## DATASET EXCERPT:
________________
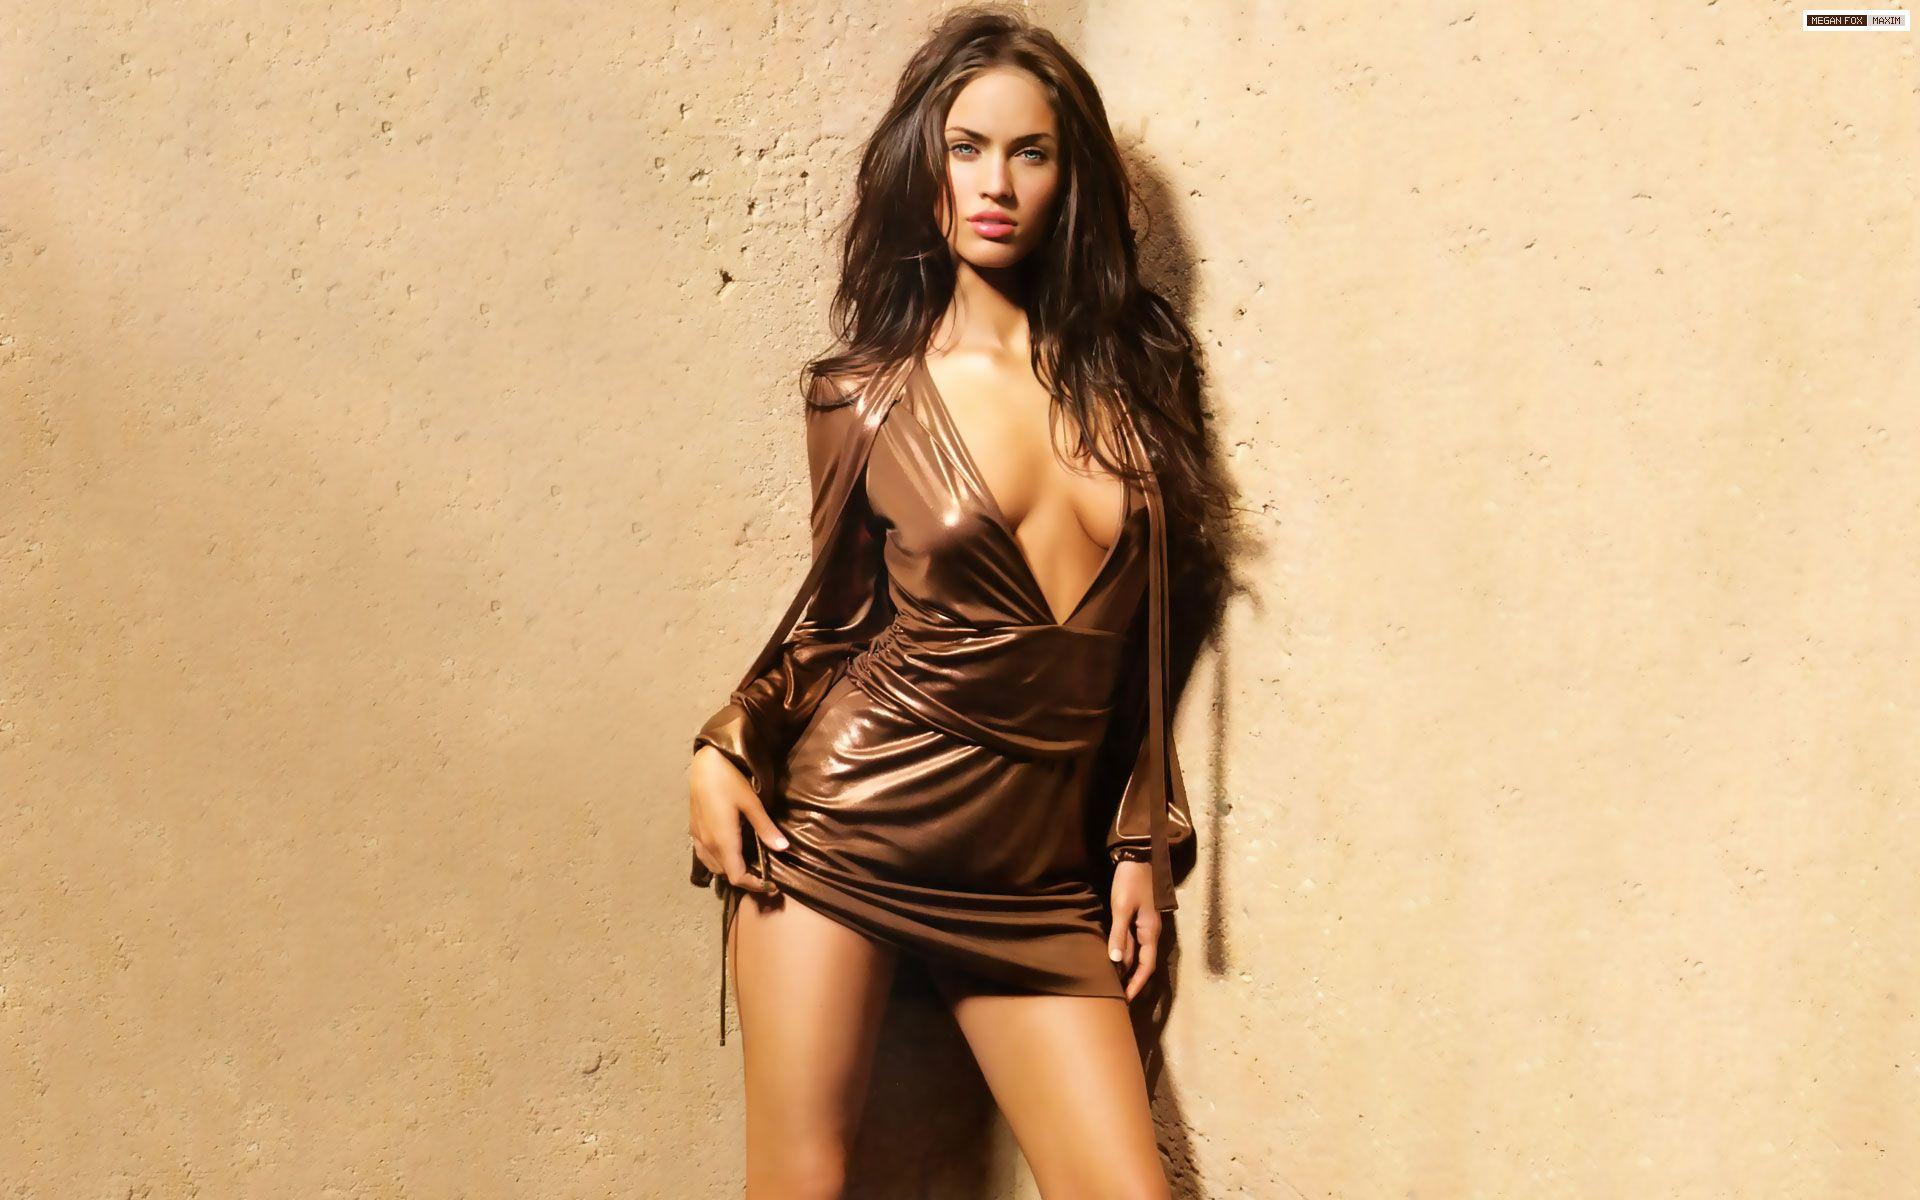 Megan Fox Hot 1920x1200
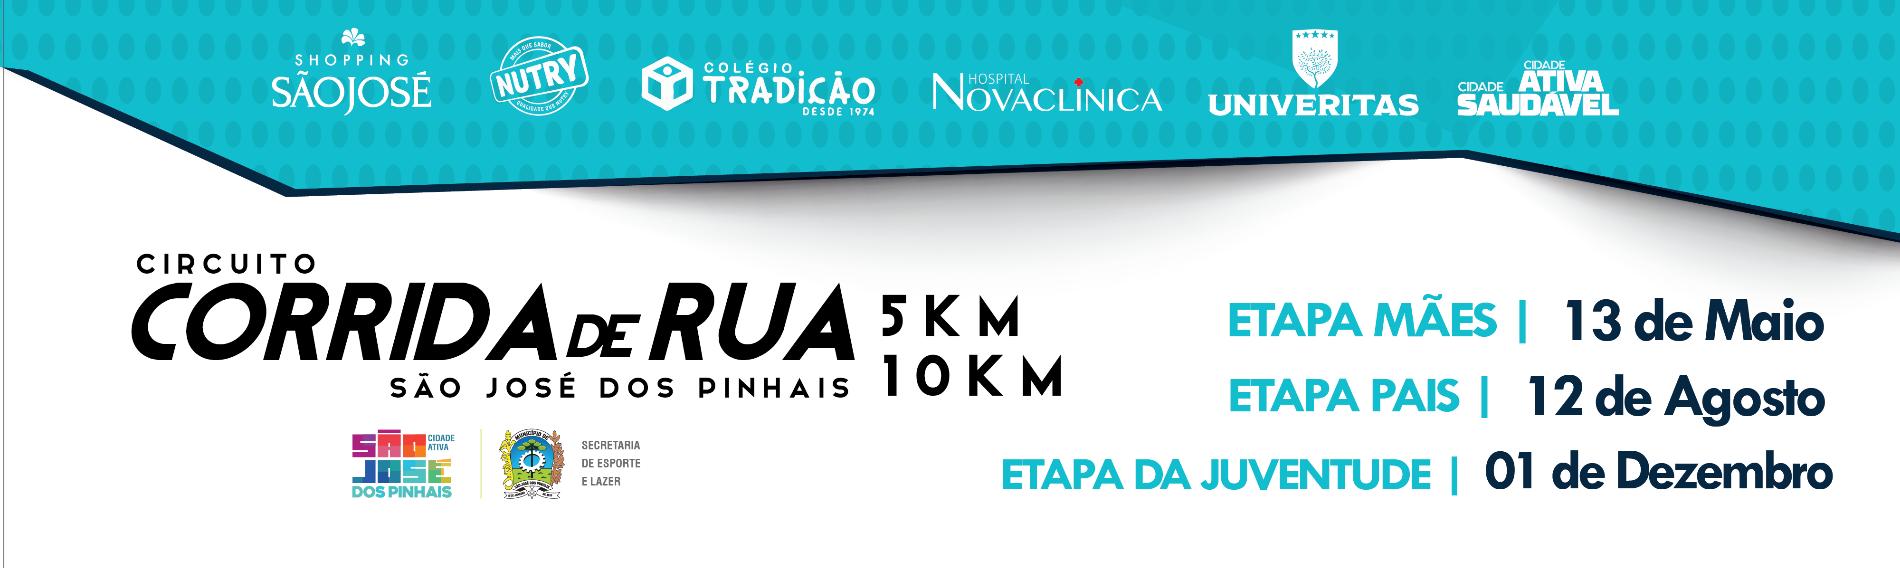 CIRCUITO DE CORRIDAS DE RUA DE SÃO JOSÉ DOS PINHAIS - ETAPA DAS MÃES - Imagem de topo
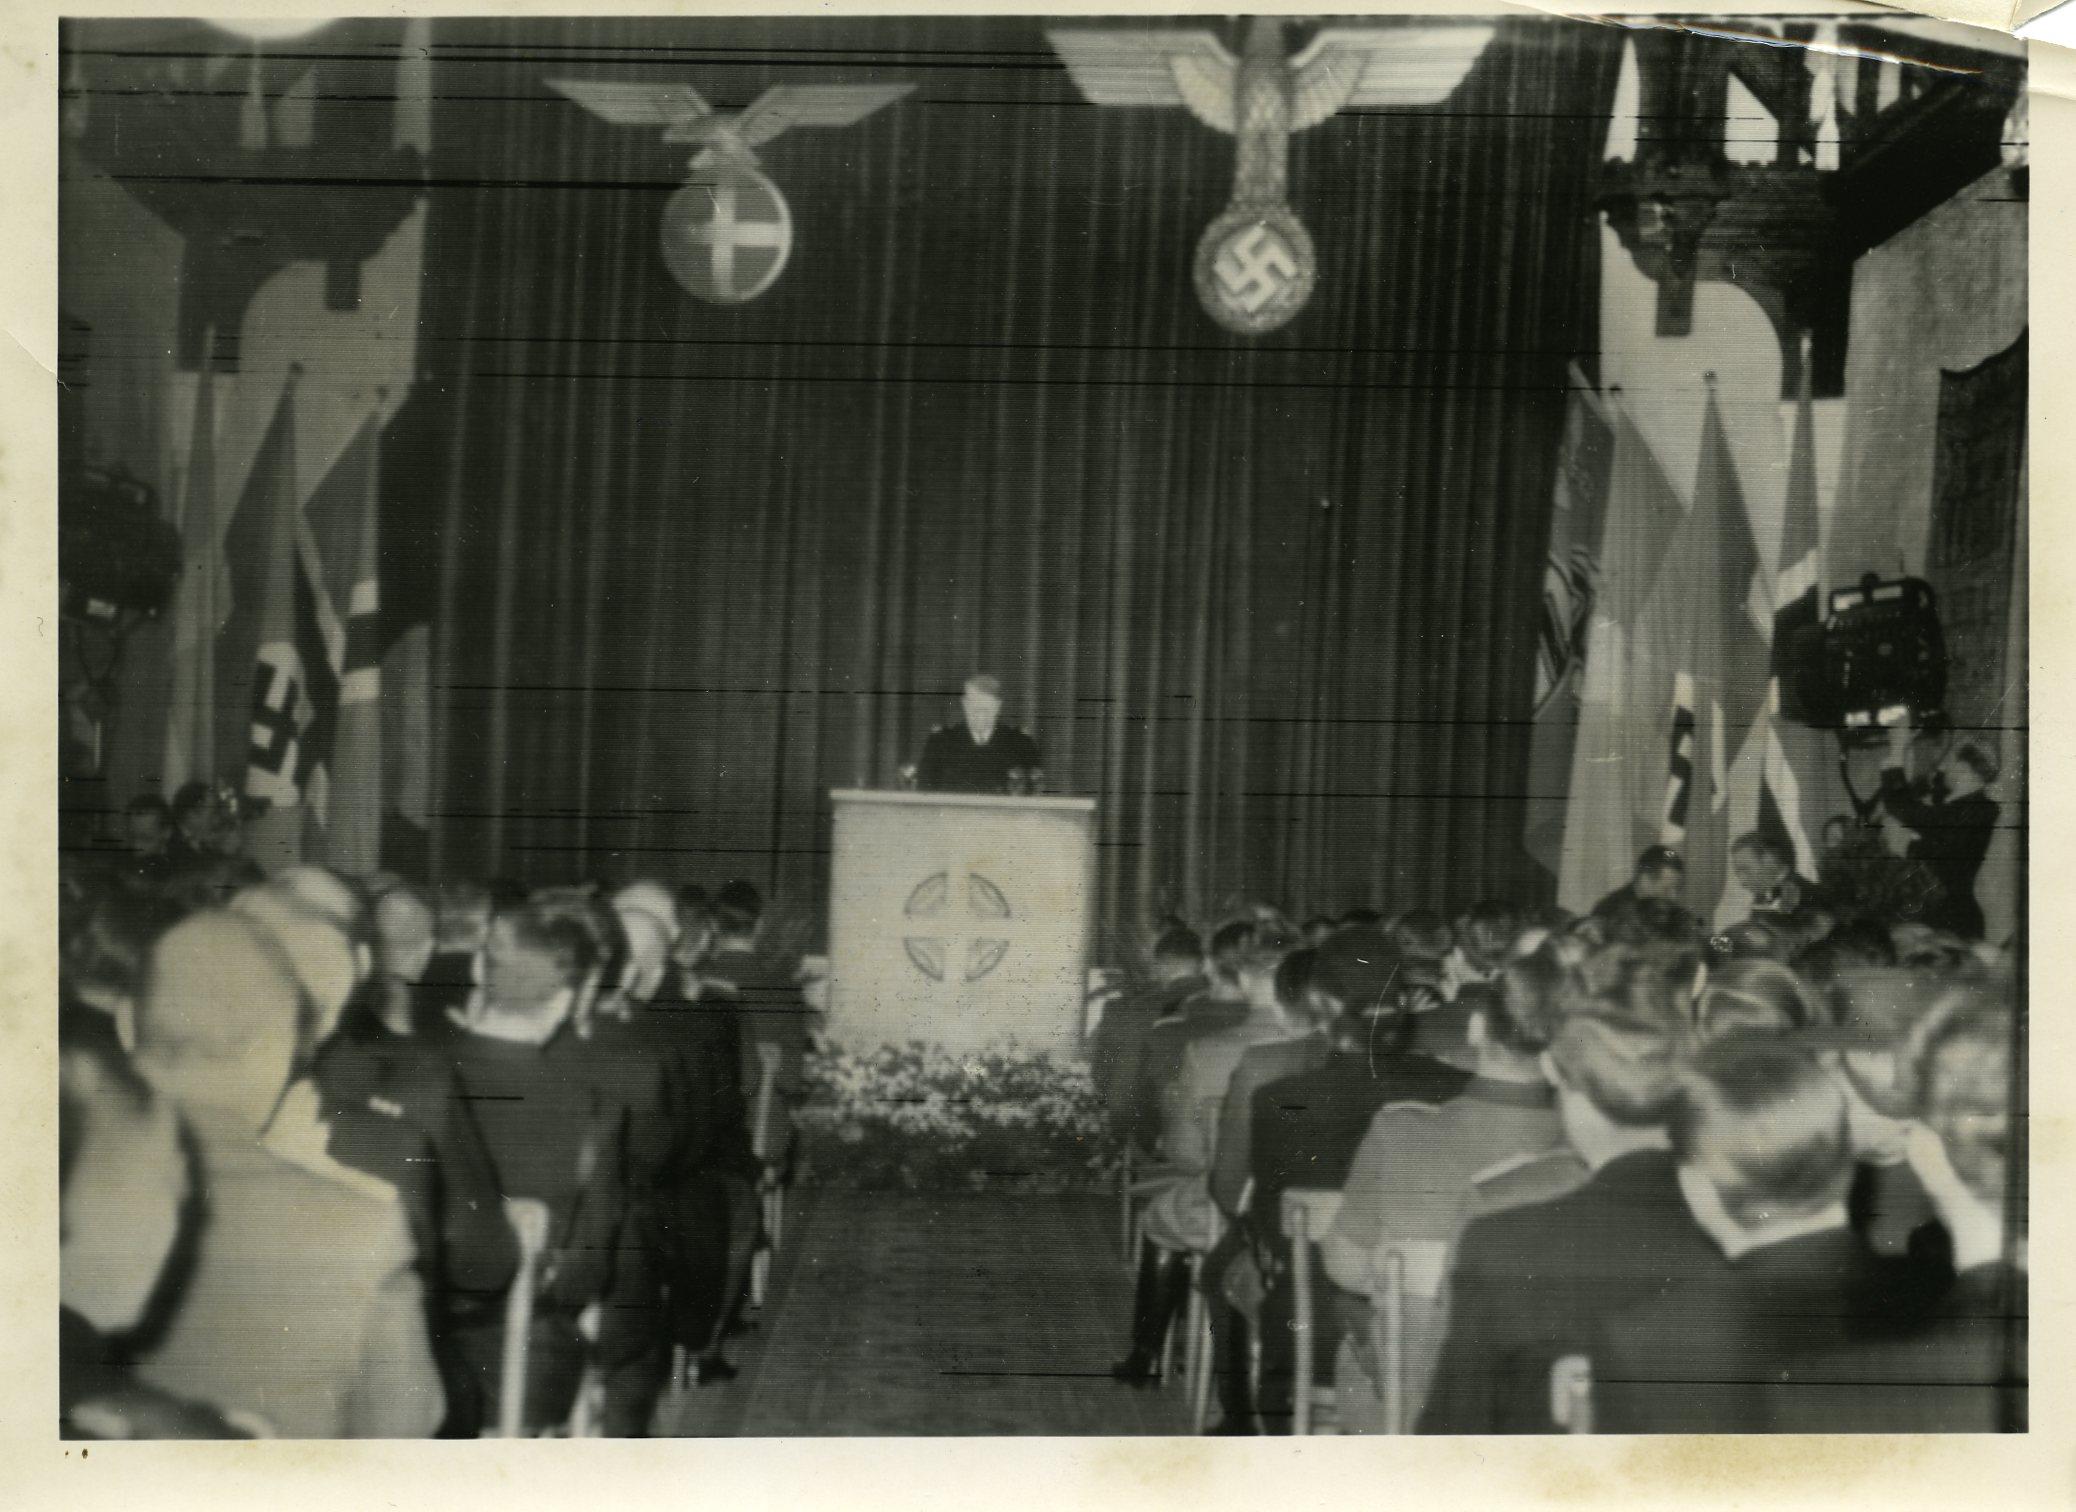 Statsakten. Akershus. Vidkun Quisling taler. 1942/02/01.
________________
## THE TASK:
Please write out exactly the lines from the one holding "CIRCUITO DE CORRIDAS" through the last line of the material above, both included, as a copy without pictures.

## EXPECTED OUTPUT:
 CIRCUITO DE CORRIDAS DE RUA DE SÃO JOSÉ DOS PINHAIS - ETAPA DAS MÃES - Imagem de topo
 Statsakten. Akershus. Vidkun Quisling taler. 1942/02/01.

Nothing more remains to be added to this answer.